Assignment: From the records below, set down exactly the lines starting with the line that contains "Man and his" and going on through the line that contains "A 20th century". Nothing else is wanted.

Records for the exercise:
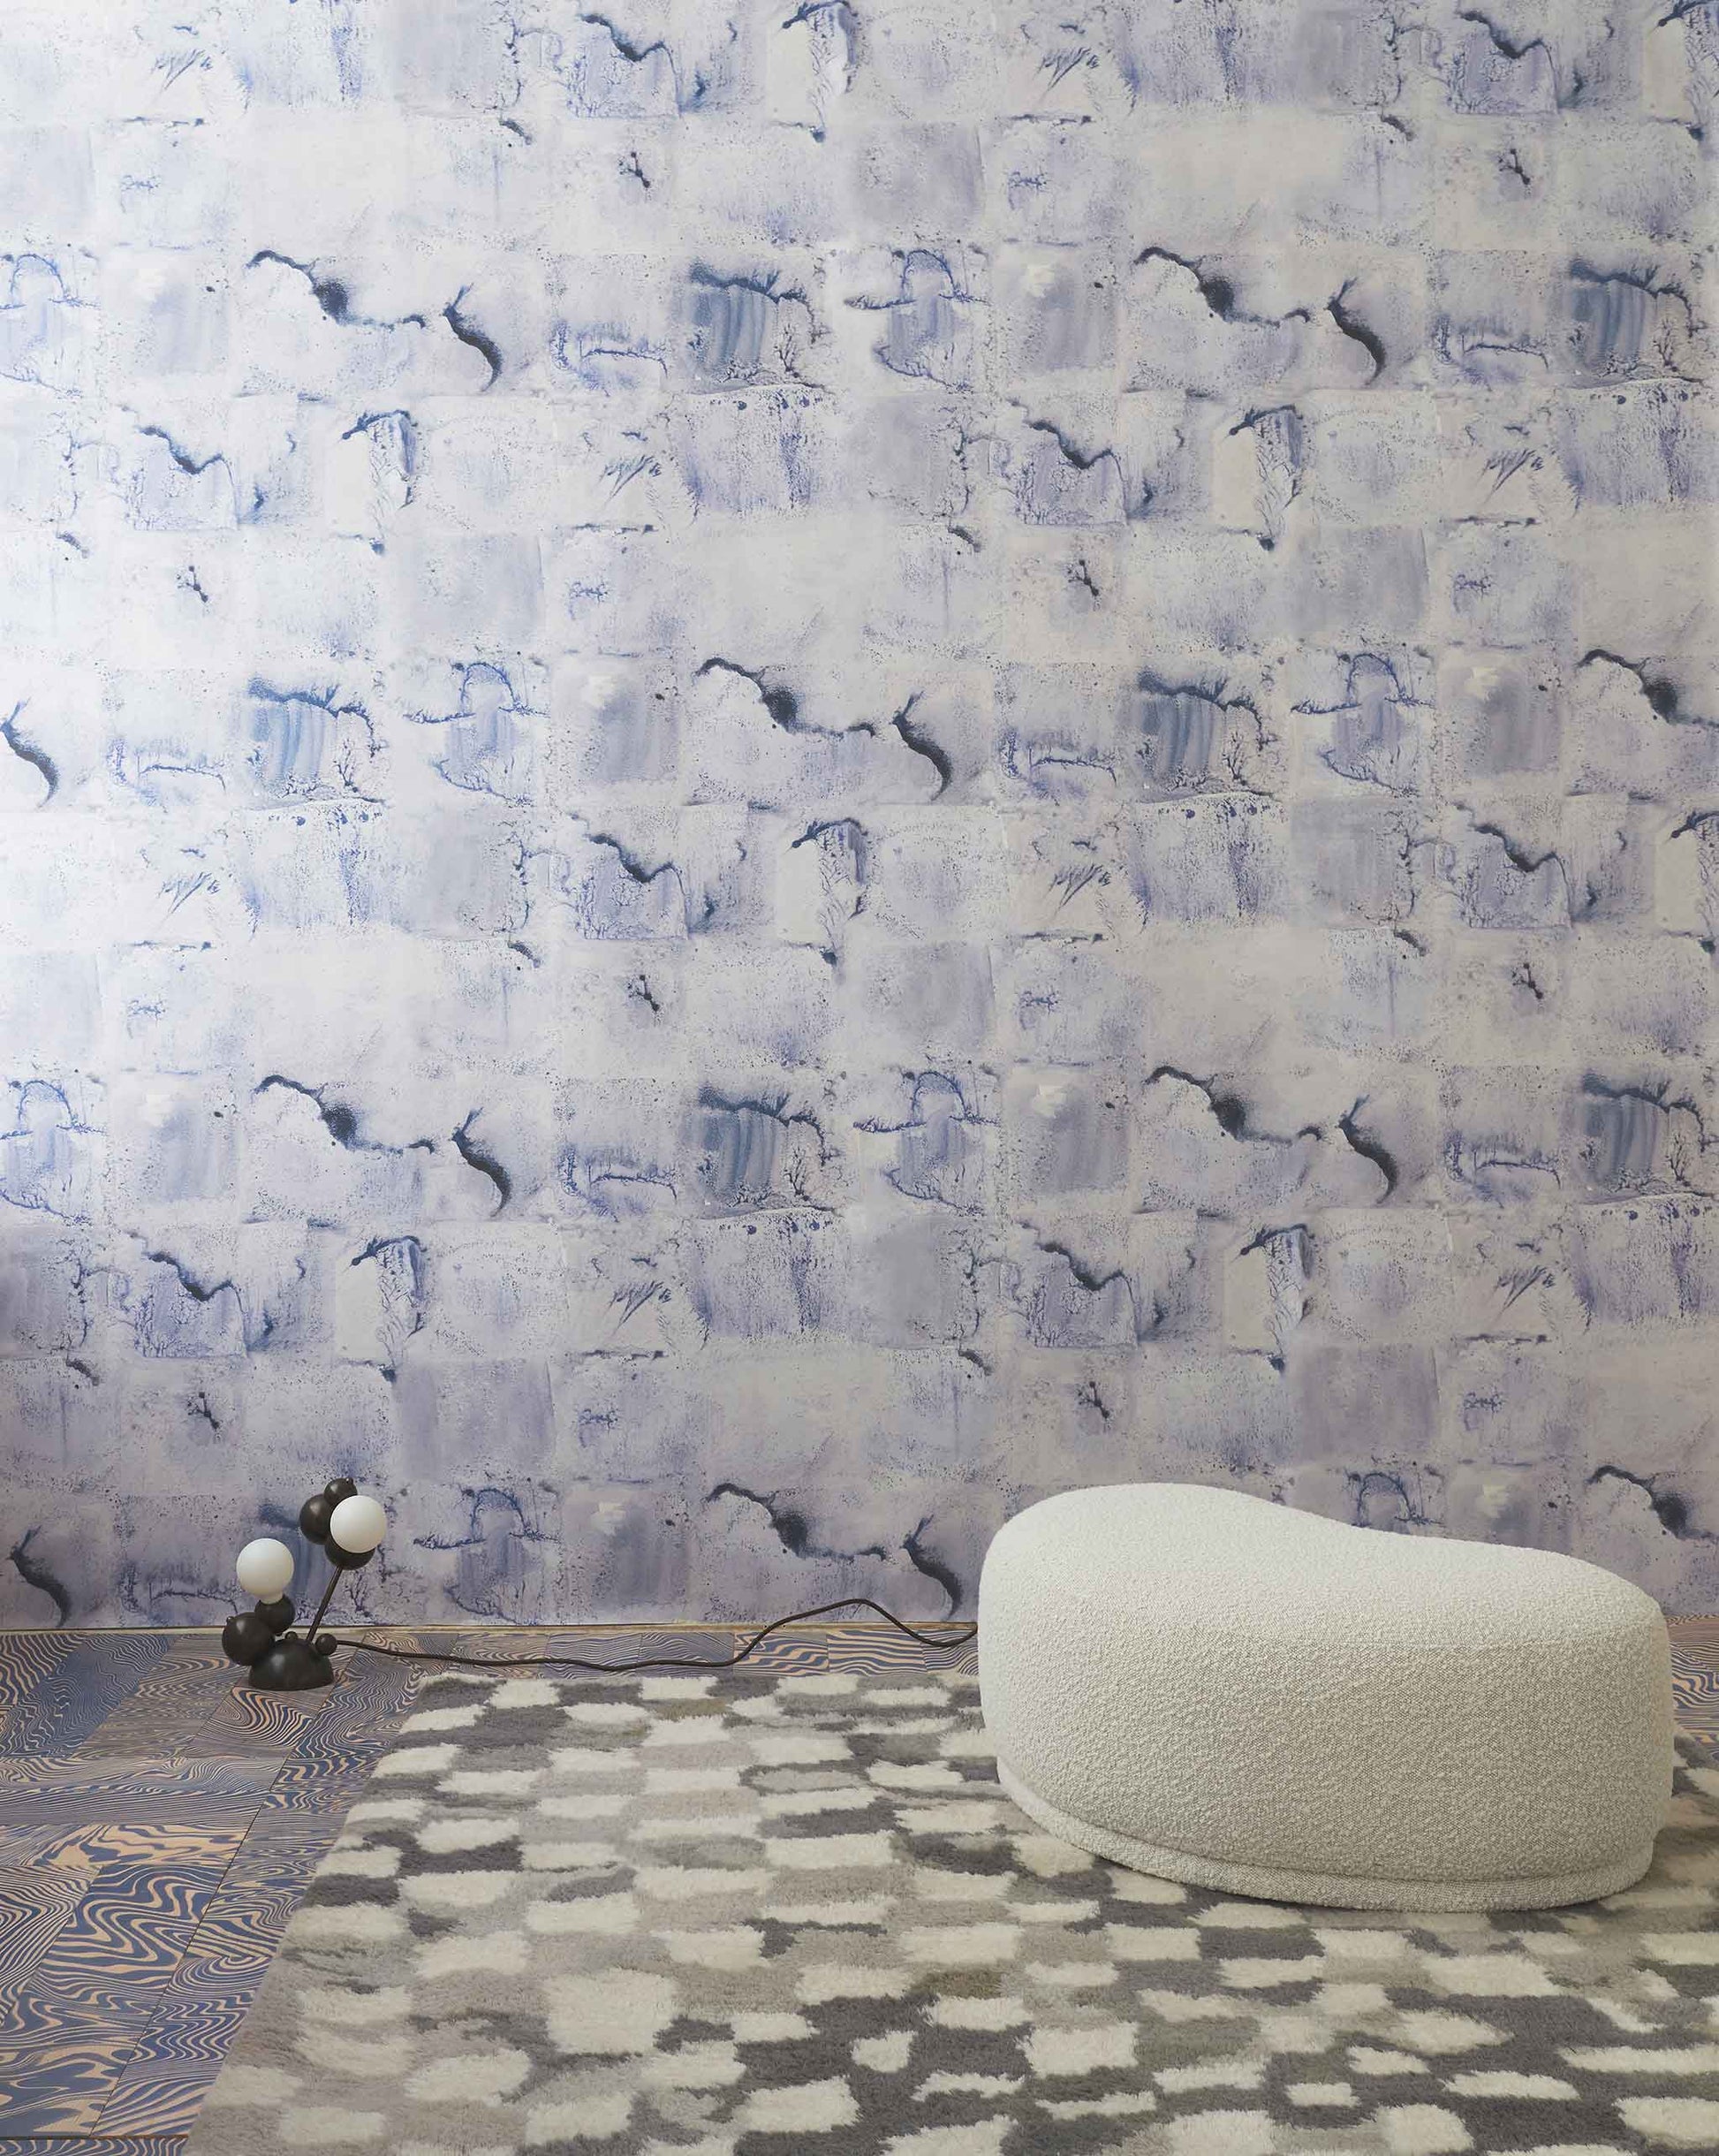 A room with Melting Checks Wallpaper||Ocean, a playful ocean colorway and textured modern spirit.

---

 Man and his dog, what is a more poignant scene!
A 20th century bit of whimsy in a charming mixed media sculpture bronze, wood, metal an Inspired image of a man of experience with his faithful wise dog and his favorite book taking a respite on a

Result of the task:
 Man and his dog, what is a more poignant scene!
A 20th century bit of whimsy in a charming mixed media sculpture bronze, wood, metal an Inspired image of a man of experience with his faithful wise dog and his favorite book taking a respite on a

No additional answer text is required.